ASSIGNED TASK -
Starting at the line that contains "Side by side: Ron" and stopping at the line that contains "NBSE Class 12", restate each line of the records below exactly. Omit the pictures.

ENTRIES PROVIDED -
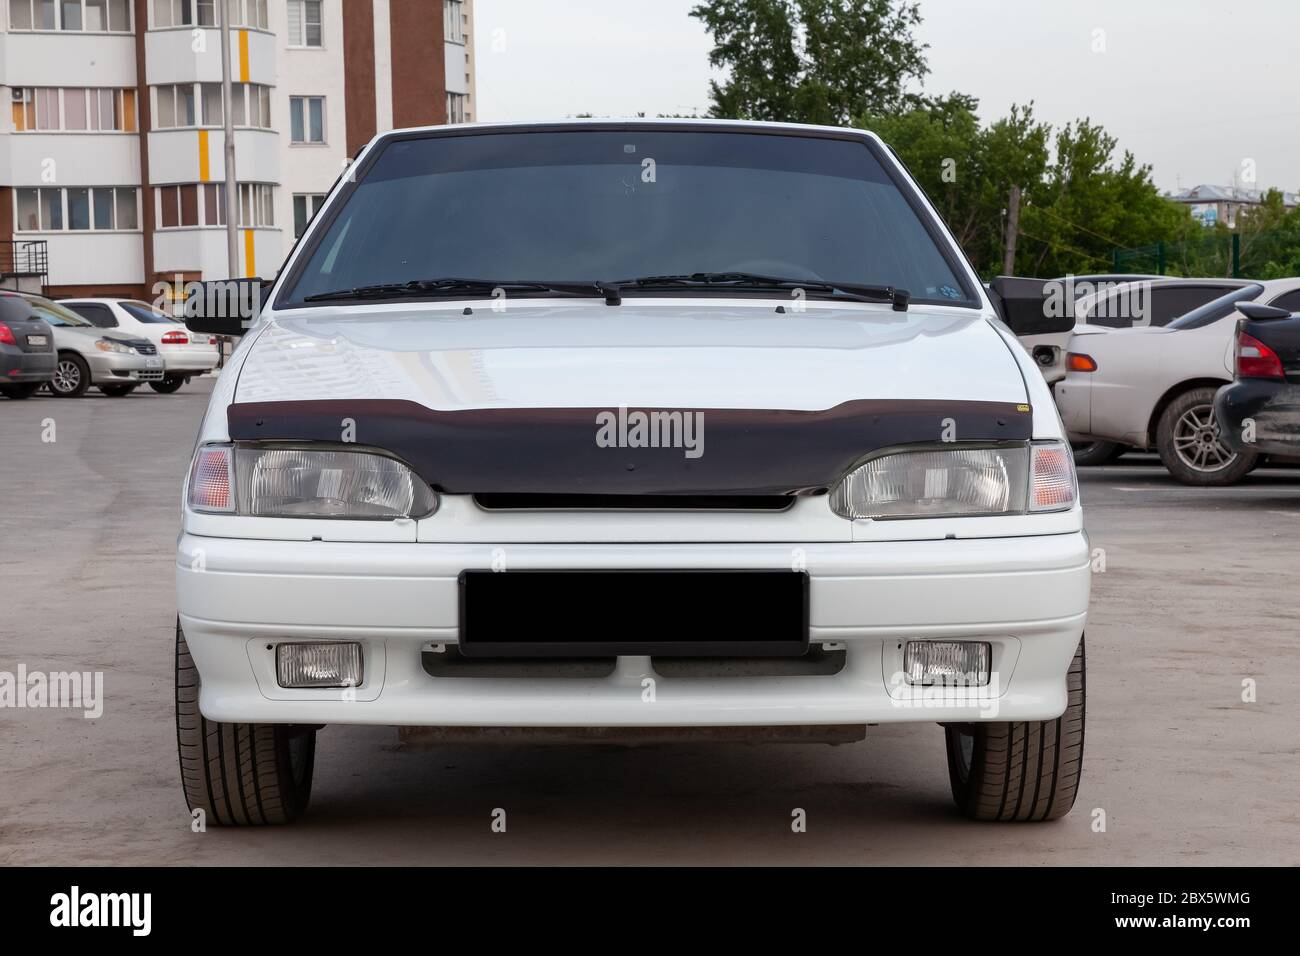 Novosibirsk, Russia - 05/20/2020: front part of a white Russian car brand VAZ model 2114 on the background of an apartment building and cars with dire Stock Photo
==
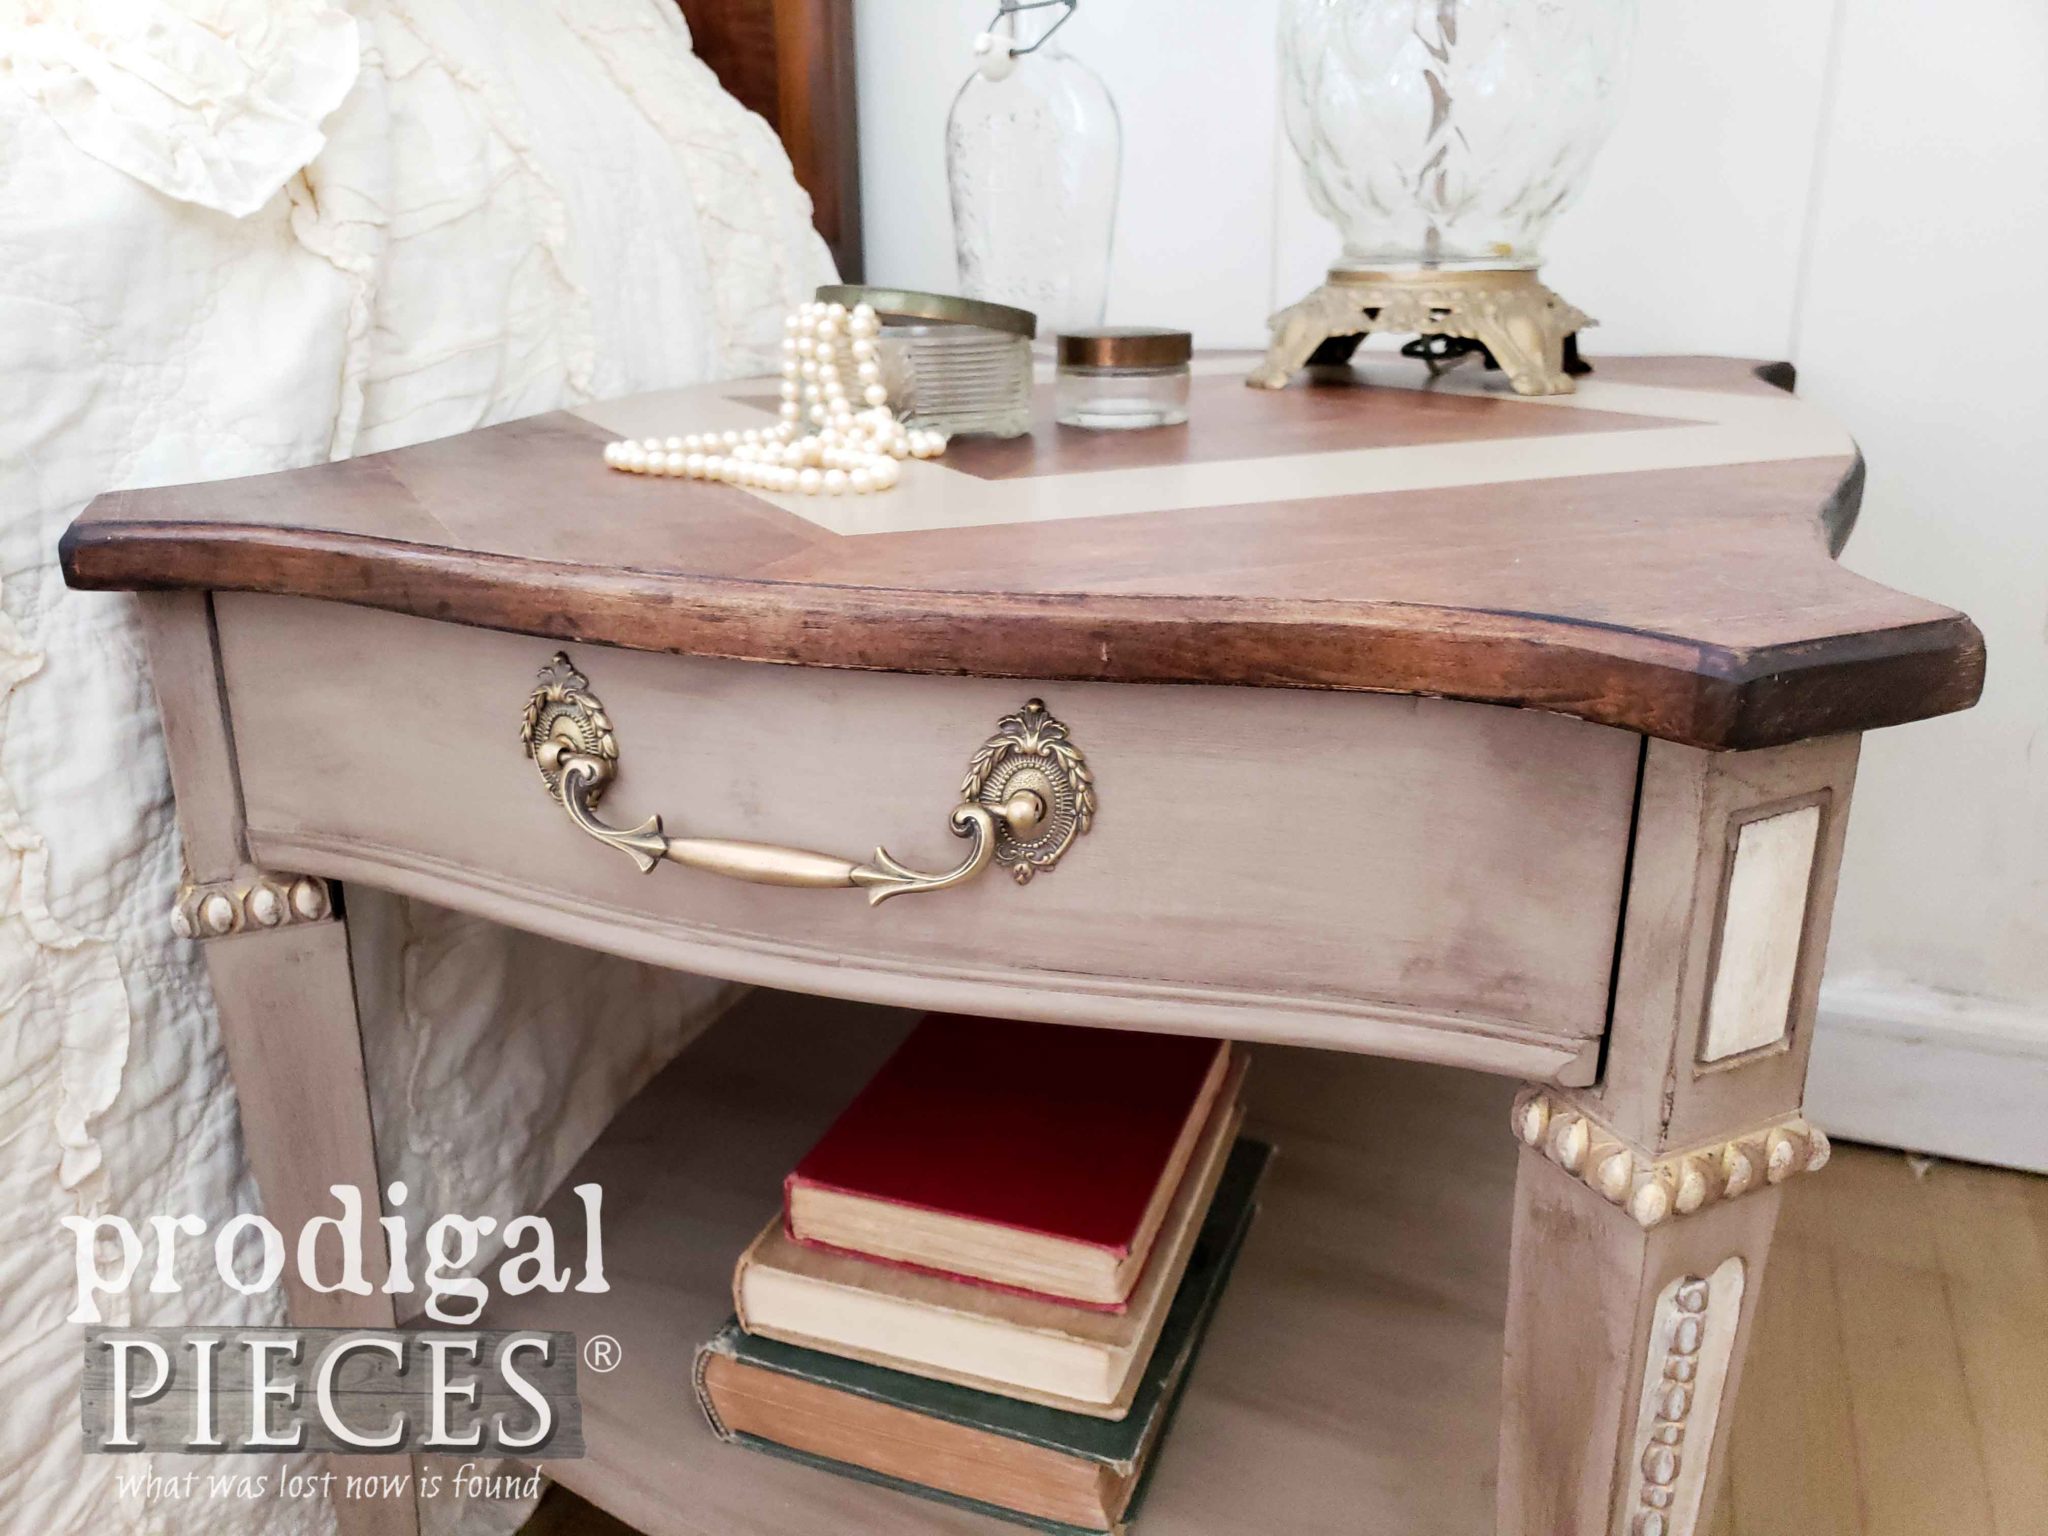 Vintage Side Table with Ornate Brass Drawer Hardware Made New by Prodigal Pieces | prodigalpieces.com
* * *
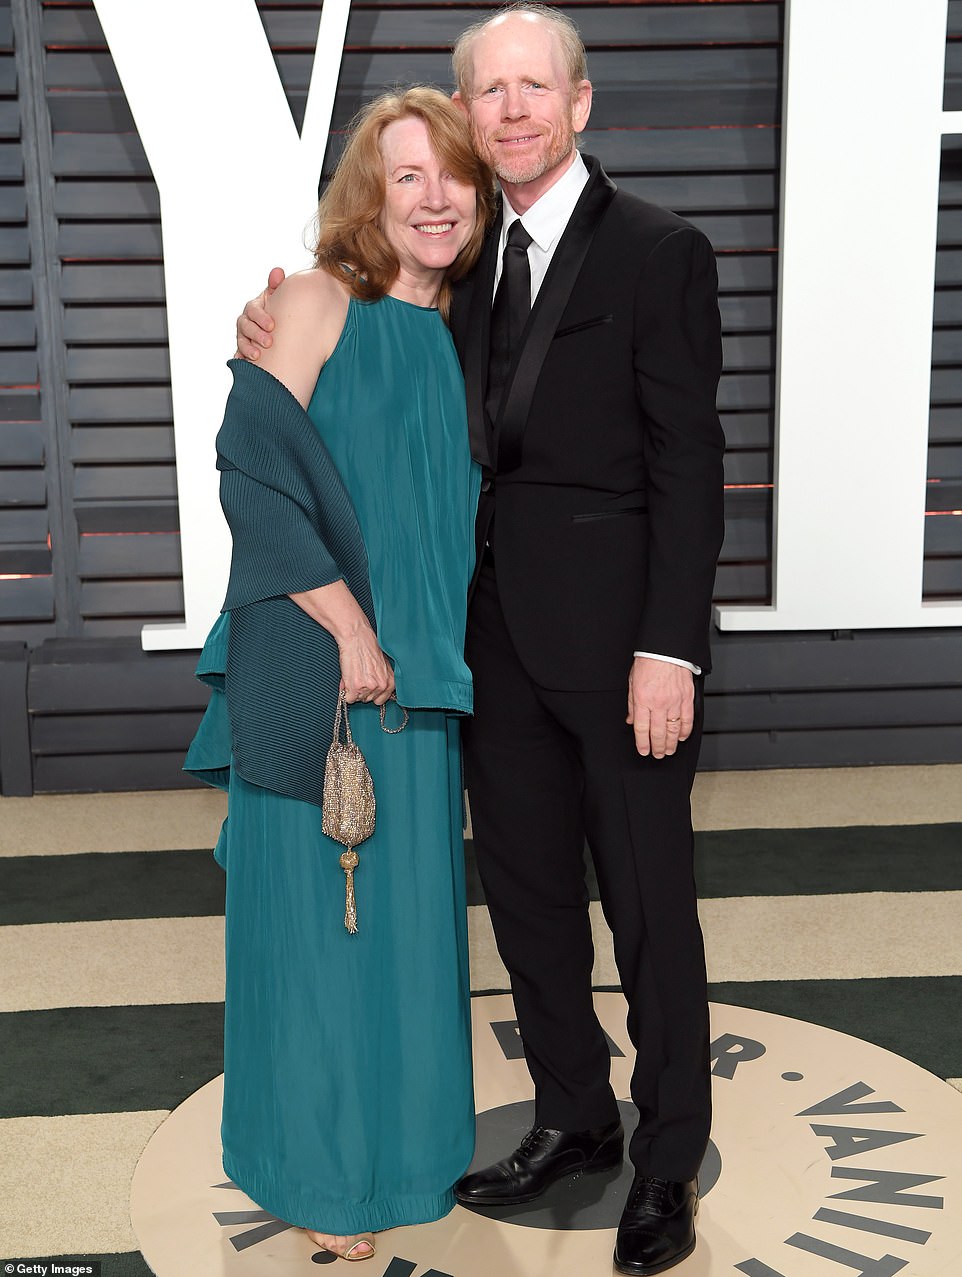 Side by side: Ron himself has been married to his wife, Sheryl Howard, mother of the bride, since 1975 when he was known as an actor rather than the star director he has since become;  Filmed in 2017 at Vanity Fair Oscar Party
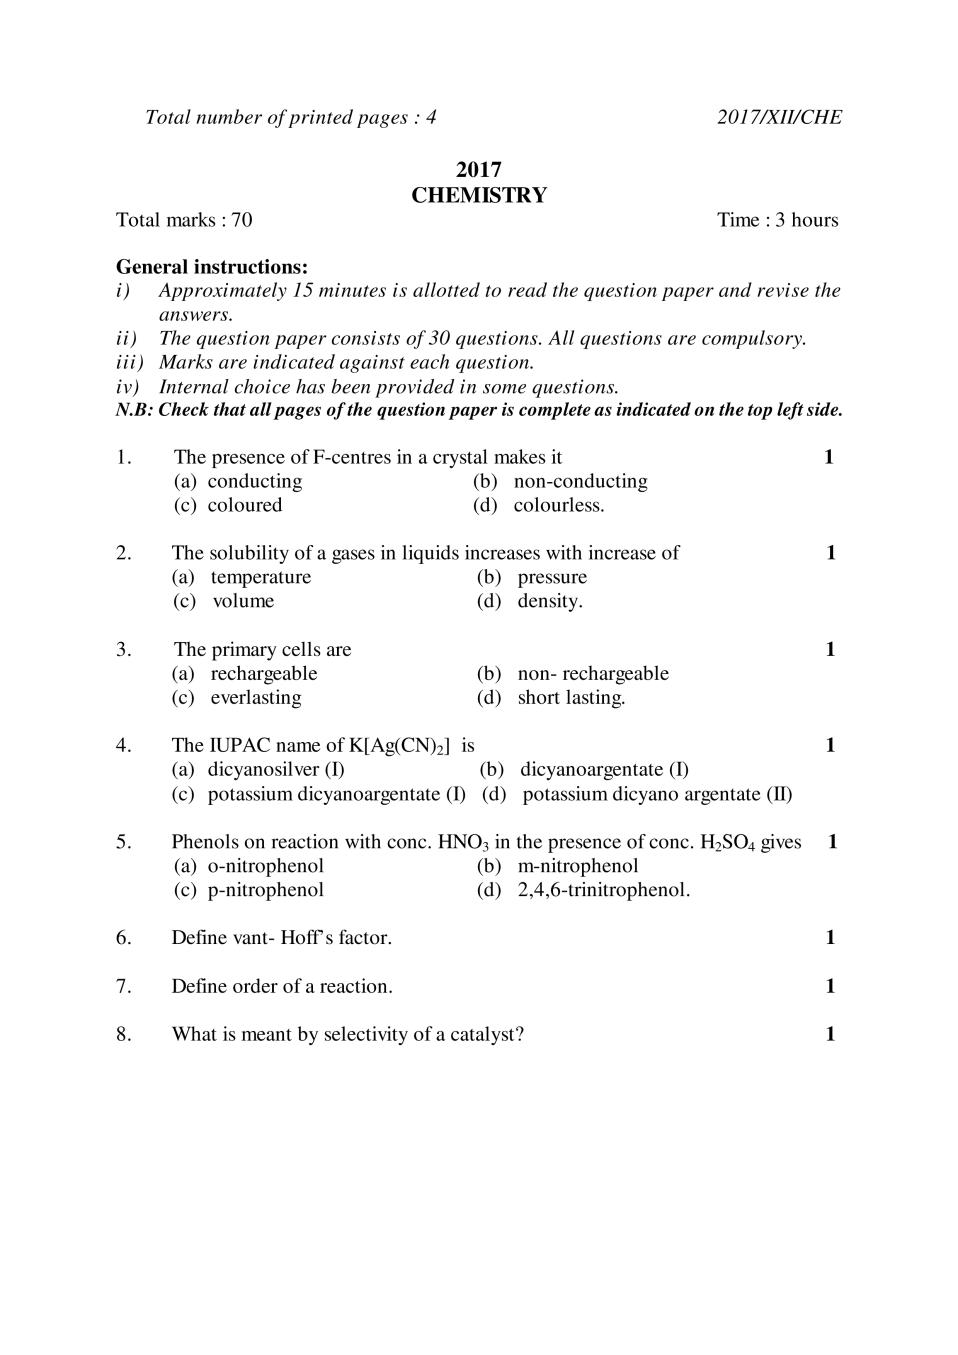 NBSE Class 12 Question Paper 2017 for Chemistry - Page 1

SOLUTION -
 Side by side: Ron himself has been married to his wife, Sheryl Howard, mother of the bride, since 1975 when he was known as an actor rather than the star director he has since become;  Filmed in 2017 at Vanity Fair Oscar Party
 NBSE Class 12 Question Paper 2017 for Chemistry - Page 1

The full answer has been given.